The prototype relies on a chosen username (visit “http://localhost:5000”) due to the lack of user authentication. After submitting a username, you’ll be redirected to a page with “Recommended Movies” and “All Movies” sections. Initially, recommendations won’t appear due to the lack of data.

Open another browser window, access “http://localhost:5000”, and log in as a different user. Rate some movies, including a few rated by the first user. Return to the first user’s window and rate movies as well. Once both users have rated common items, recommendations should appear.

Improvements

Our prototype engine has room for improvement, especially for large-scale use. While robust solutions already exist, this section highlights areas for enhancement, focusing on conceptual aspects rather than specific implementation details.

Using a real database like Redis instead of our file-based solution is crucial for scalability. Redis’s speed and special capabilities make it suitable for managing set-like data.

Instead of recalculating recommendations in real-time after each rating, we can queue updates and process them in the background, potentially on a timed interval.

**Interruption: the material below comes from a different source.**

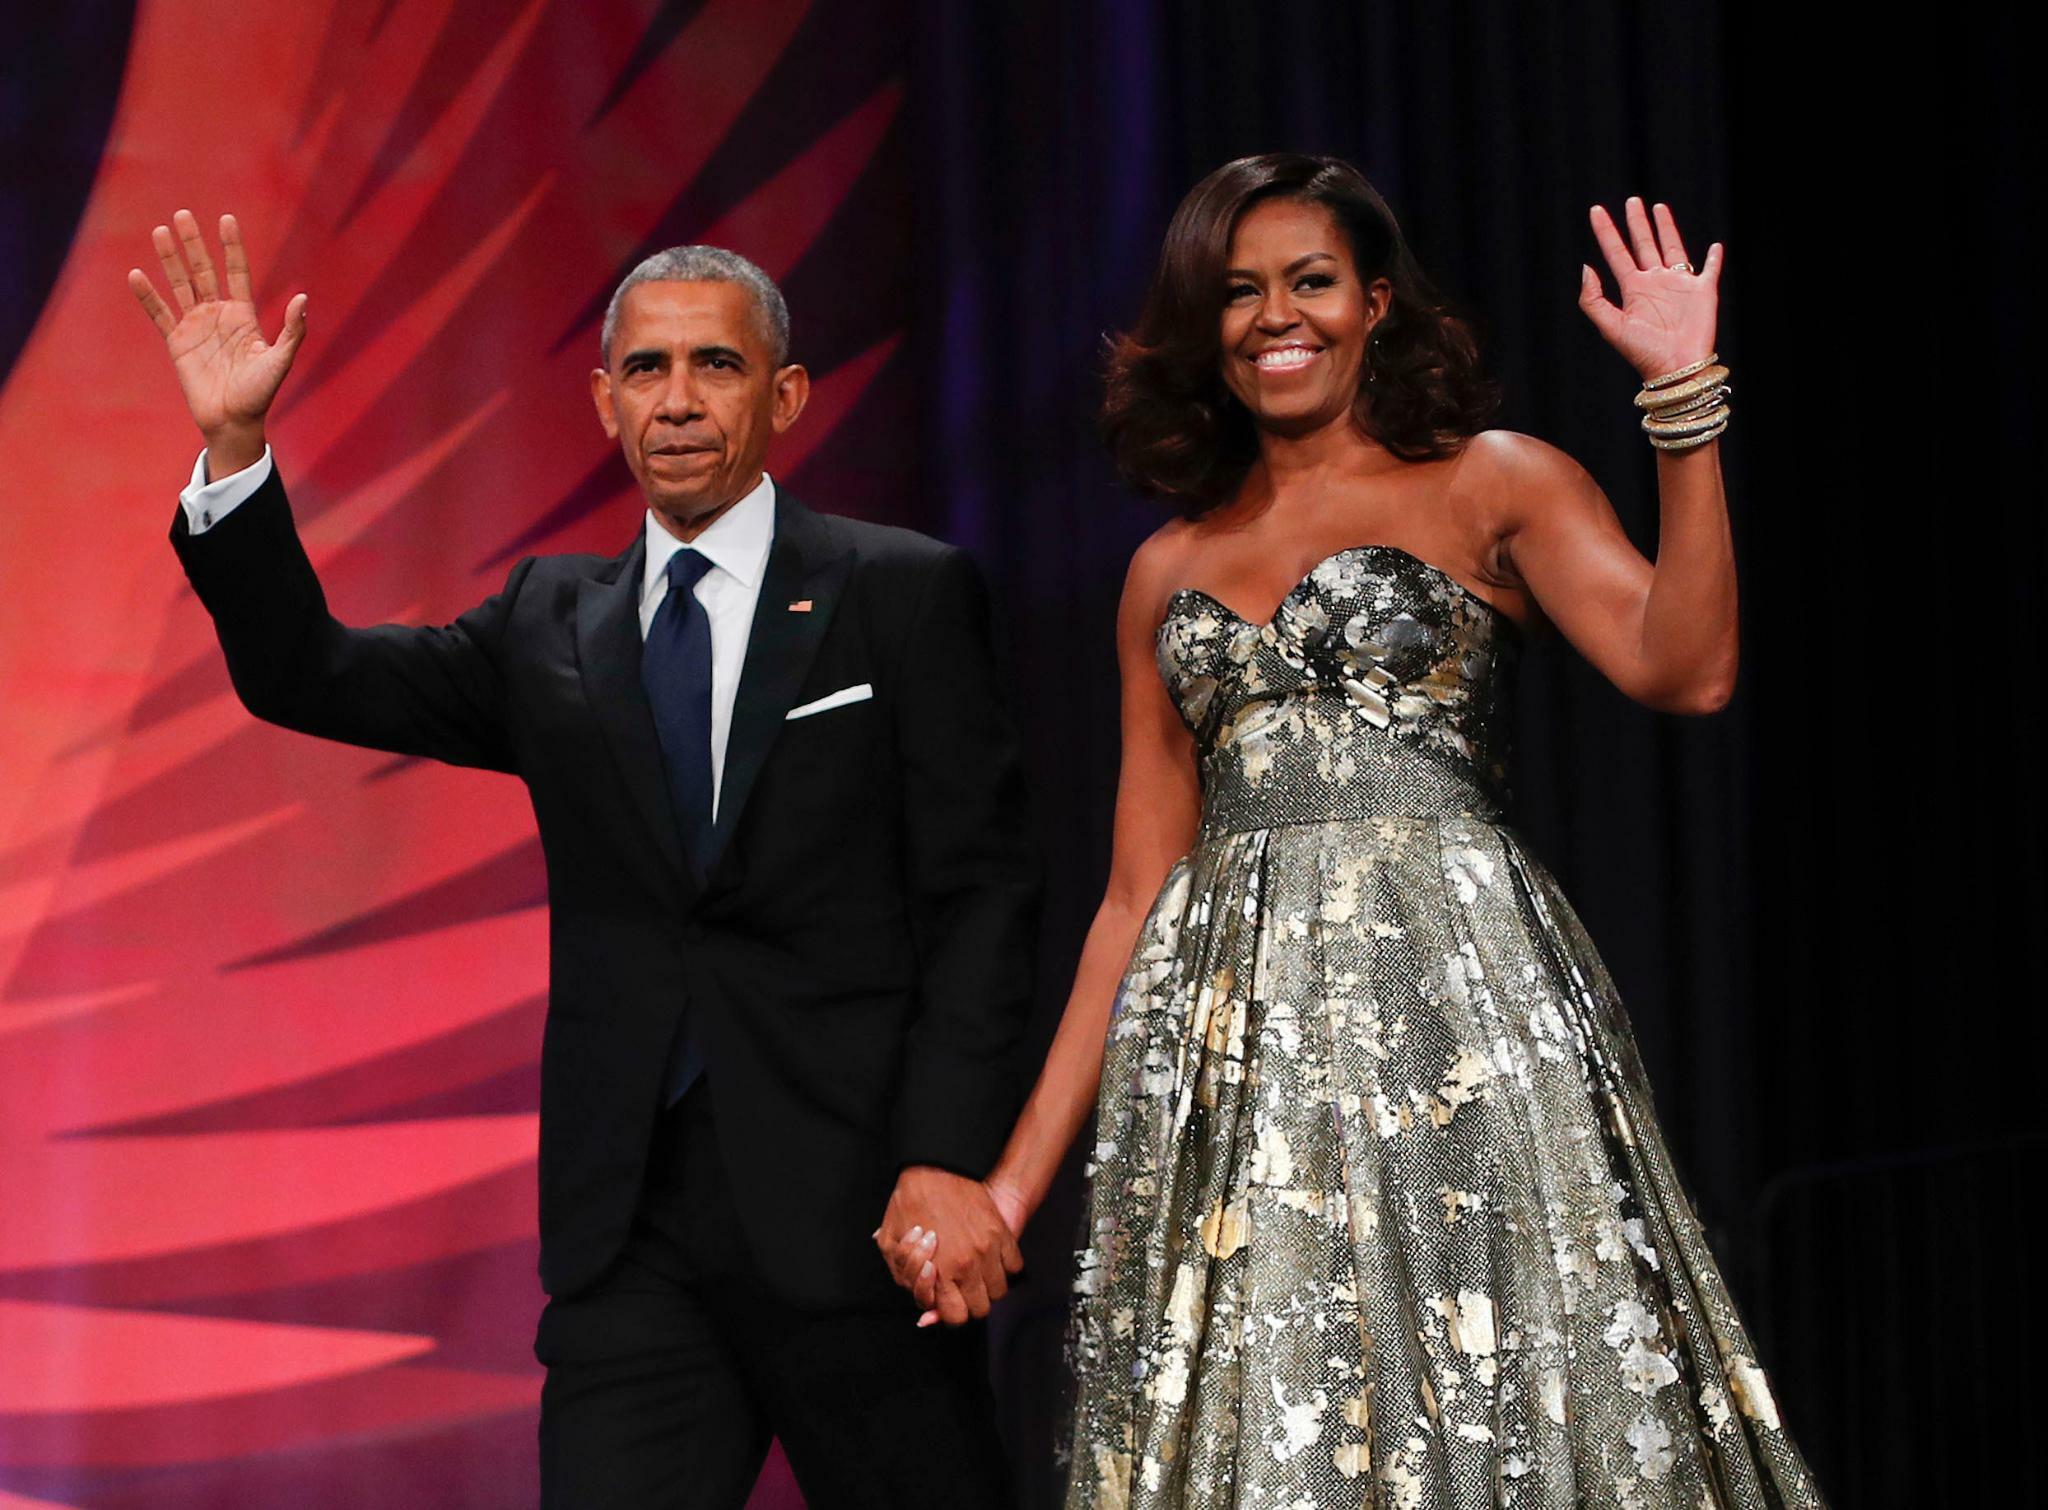 Barack Obama Presidency Education Mother Biography 13
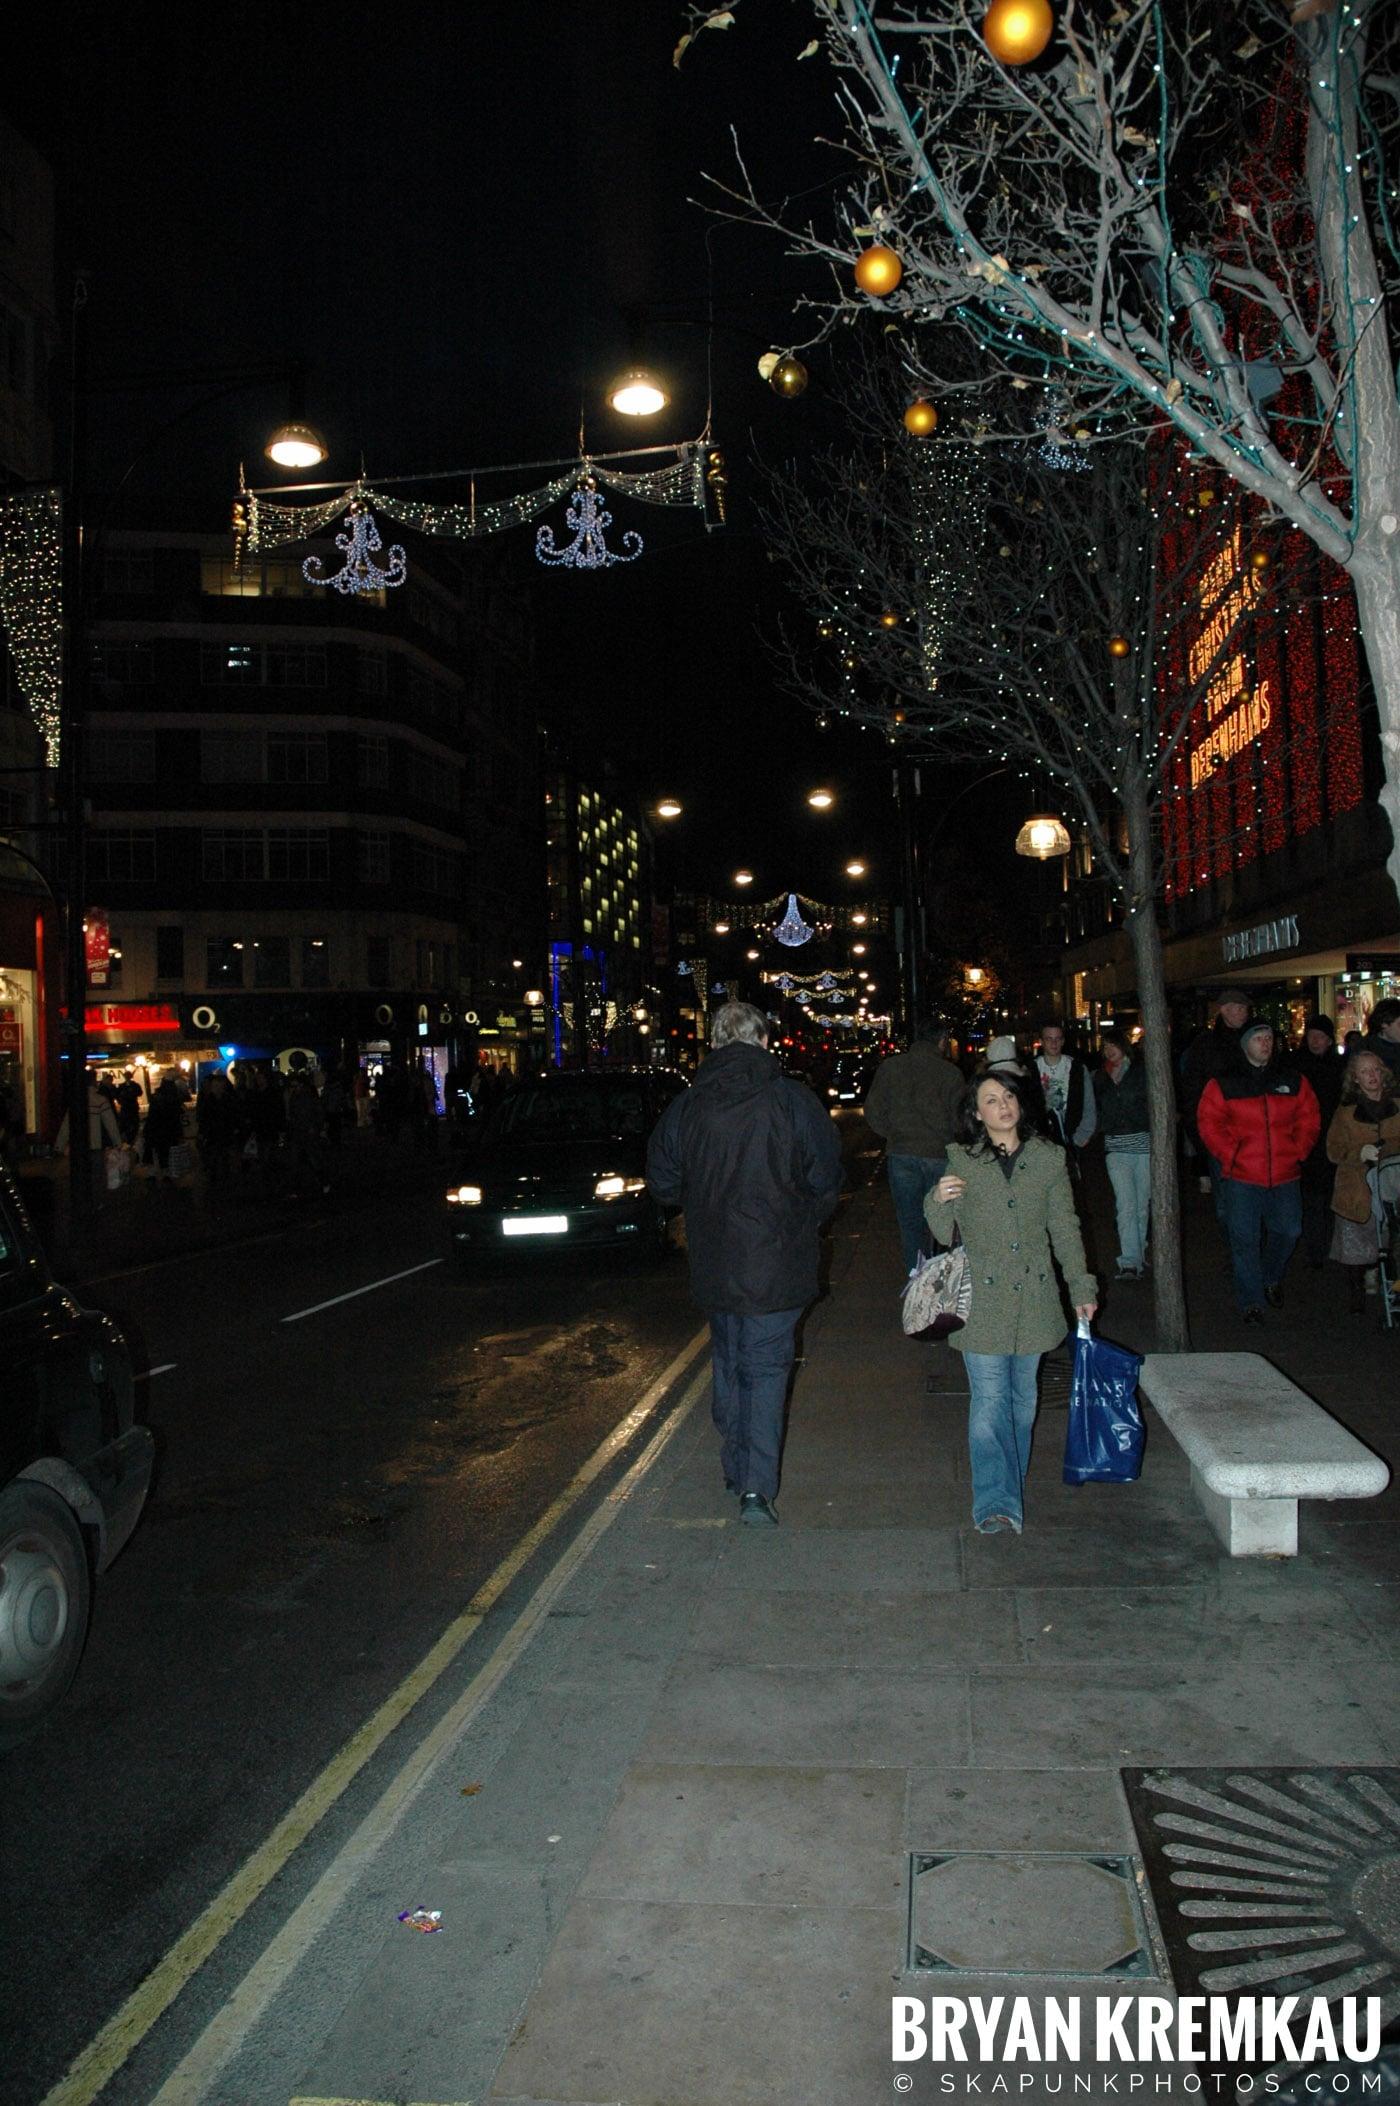 London, England - Day 3 - 12.18.05 (17)

Strategically selecting a subset of users for recommendation generation can enhance performance. For instance, in a restaurant recommendation engine, limiting similar users to those in the same geographical area can be beneficial.

Adopting a hybrid approach, combining collaborative and content-based filtering, can improve accuracy. Platforms like Netflix use this strategy, considering both user behavior and movie attributes.

Conclusion

Collaborative memory-based recommendation engines are powerful tools. Our simple prototype demonstrates the fundamental concepts behind them. While not perfect, it lays the groundwork for more sophisticated implementations like Recommendable.

Like many data-driven problems, achieving accurate recommendations hinges on selecting the right algorithms and utilizing relevant content attributes. Hopefully, this article has shed light on the inner workings of collaborative memory-based recommendation engines.